Messieurs les Juges,

1 . L' acte relatif aux conditions d' adhésion du royaume d' Espagne et de la République portugaise ( ci-après "acte d' adhésion ") dispose que, en ce qui concerne la libre circulation des travailleurs entre, d' une part, l' Espagne et le Portugal et, d' autre part, les autres États membres, l' article 48 du traité CEE n' est applicable que sous certaines réserves . L' acte d' adhésion ne comporte cependant aucune restriction quant à la validité des articles 59 et suivants du traité CEE en matière de libre circulation des services . Les questions préjudicielles posées par le tribunal administratif de Versailles ( ci-après "juge de renvoi ") invitent la Cour à préciser les implications que lesdites dispositions de l' acte d' adhésion ont à l' égard des fournisseurs de services de la Communauté ( dans le cas soumis au juge de renvoi, il s' agit du Portugal ) qui font appel à des travailleurs portugais ou espagnols .

Contexte

2 . La société portugaise Rush Portuguesa Lda ( ci-après "Rush ") est une entreprise de construction et de travaux publics . Elle a conclu avec une entreprise française un certain nombre de contrats de sous-traitance pour des travaux à effectuer en France sur différents chantiers du TGV Atlantique . Pour effectuer ces travaux, Rush a fait venir du Portugal en France un certain nombre de travailleurs de nationalité portugaise . Le juge de renvoi demande à la Cour, pour répondre aux questions préjudicielles, de partir de l' hypothèse que ces travailleurs rentreront au Portugal immédiatement après avoir accompli la prestation de services .

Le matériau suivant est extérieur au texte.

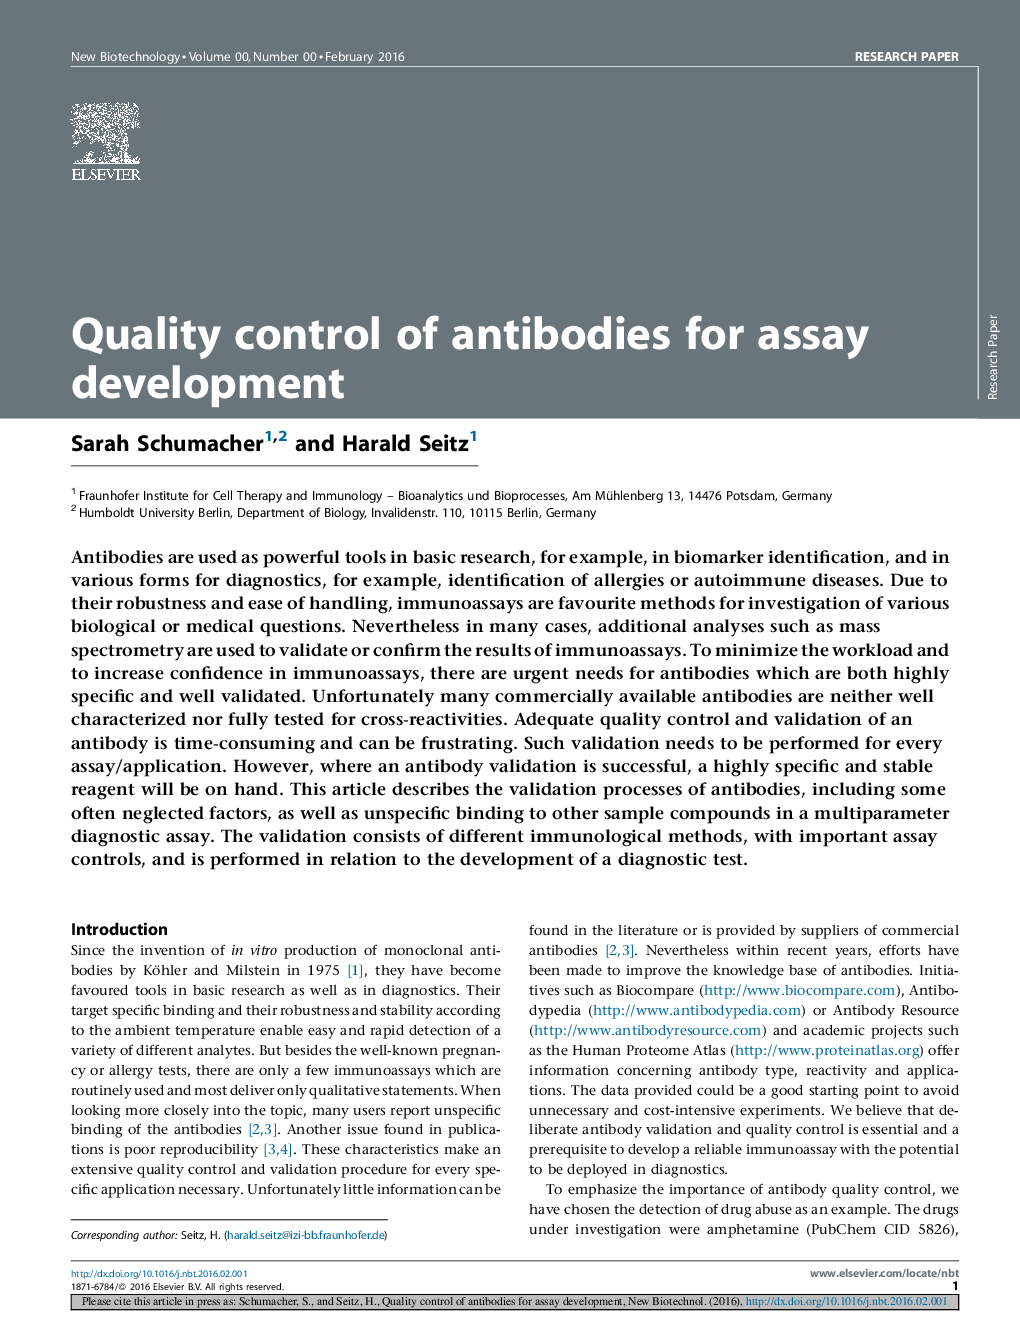 کنترل کیفیت آنتیبادی ها برای توسعه تست 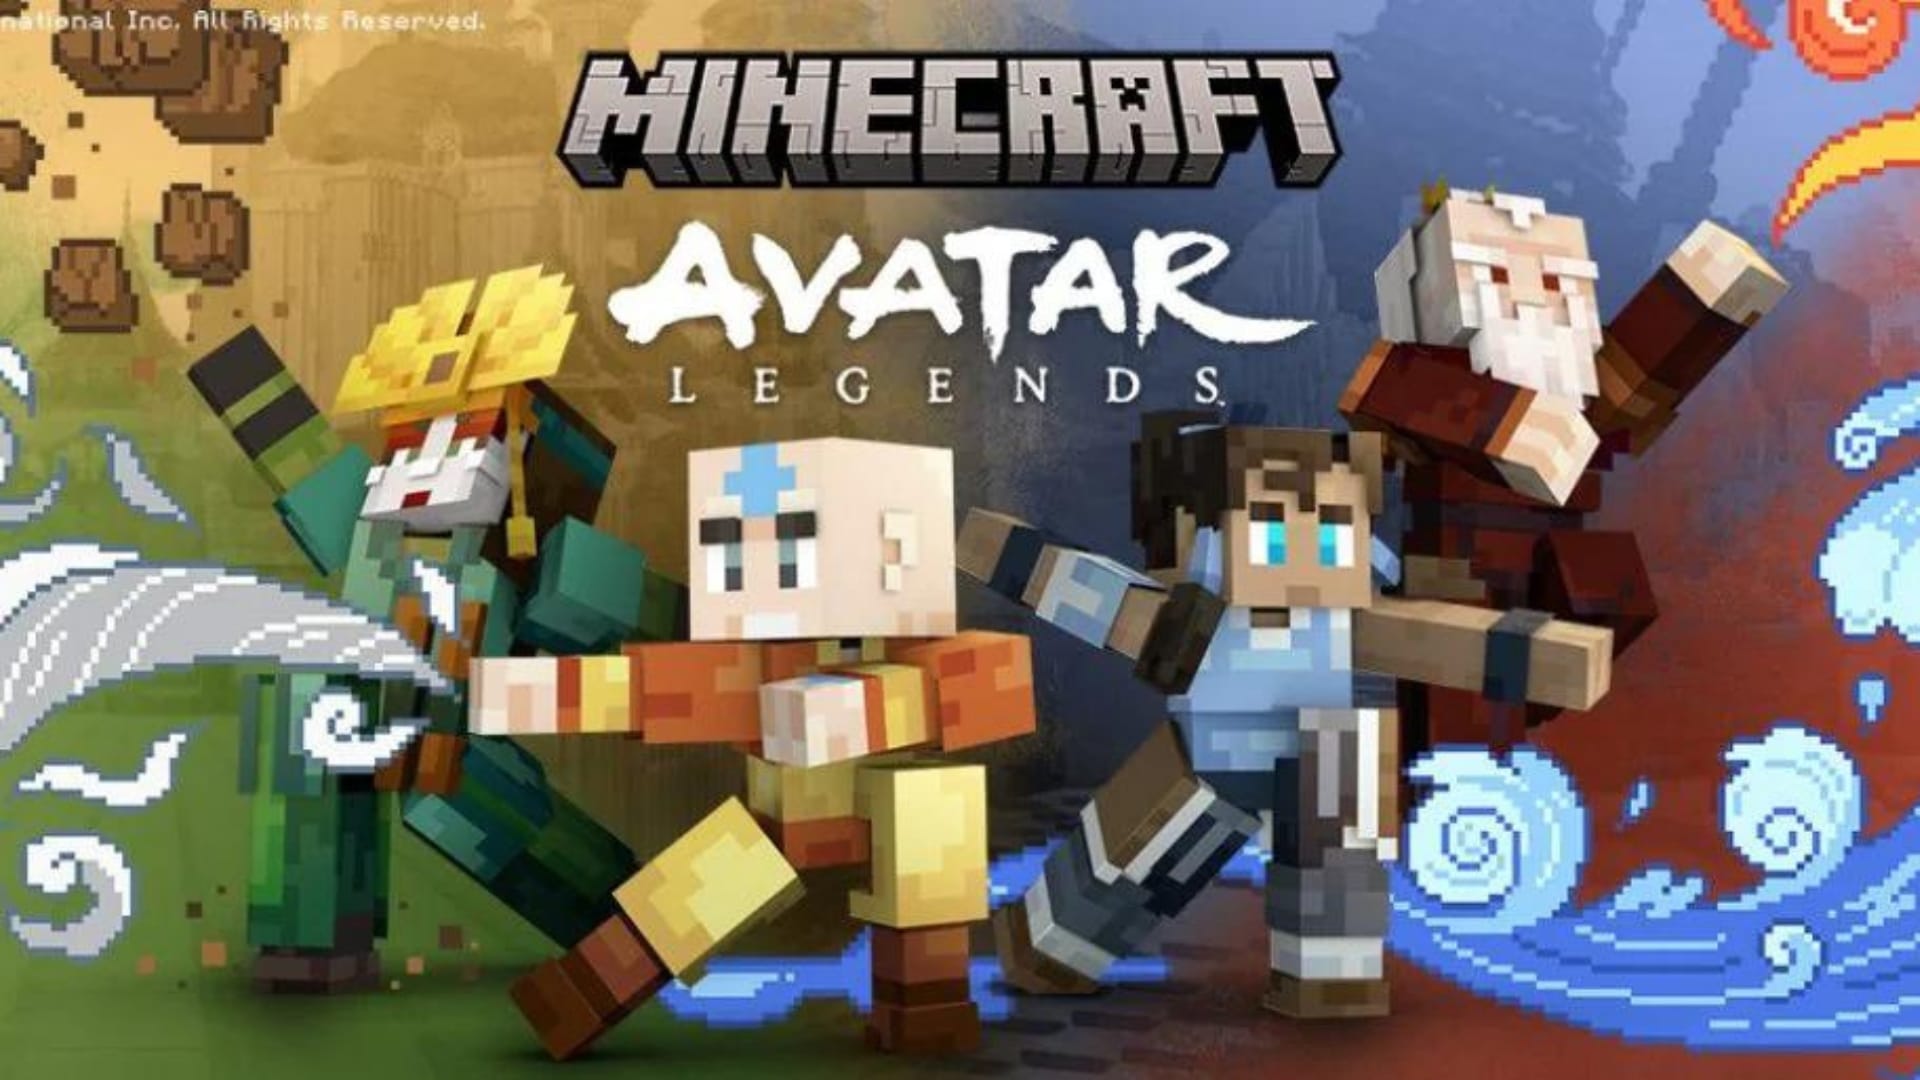 Atualização chegando: Minecraft receberá novas skins padrão até o fim de  novembro

Les services de l' "inspection du travail" français ont procédé à deux contrôles en septembre et en décembre 1986 qui leur ont permis de constater que Rush employait en tout 58 travailleurs portugais qui ne disposaient pas d' une autorisation de travail comme l' exige l' article L 41.6 du code du travail français . Pour plus de détails sur les fonctions remplies par ces travailleurs, nous renvoyons au rapport d' audience, chapitre I, point 2 . L' article précité du code du travail fait partie du chapitre I du titre quatrième du livre troisième du code du travail qui a trait à la "main-d' oeuvre étrangère et ( à la ) protection de la main-d' oeuvre nationale ". Il interdit d' employer en France des étrangers qui ne disposent pas d' une autorisation de travail lorsqu' une telle autorisation est requise par le droit français ou par des traités internationaux . Rush se serait également rendue coupable d' une infraction à l' article L 341.9 qui confère à l' Office national d' immigration ( aujourd' hui "Office de migration internationale", ci-après "ONI ") un monopole pour le recrutement et l' introduction en France des travailleurs étrangers .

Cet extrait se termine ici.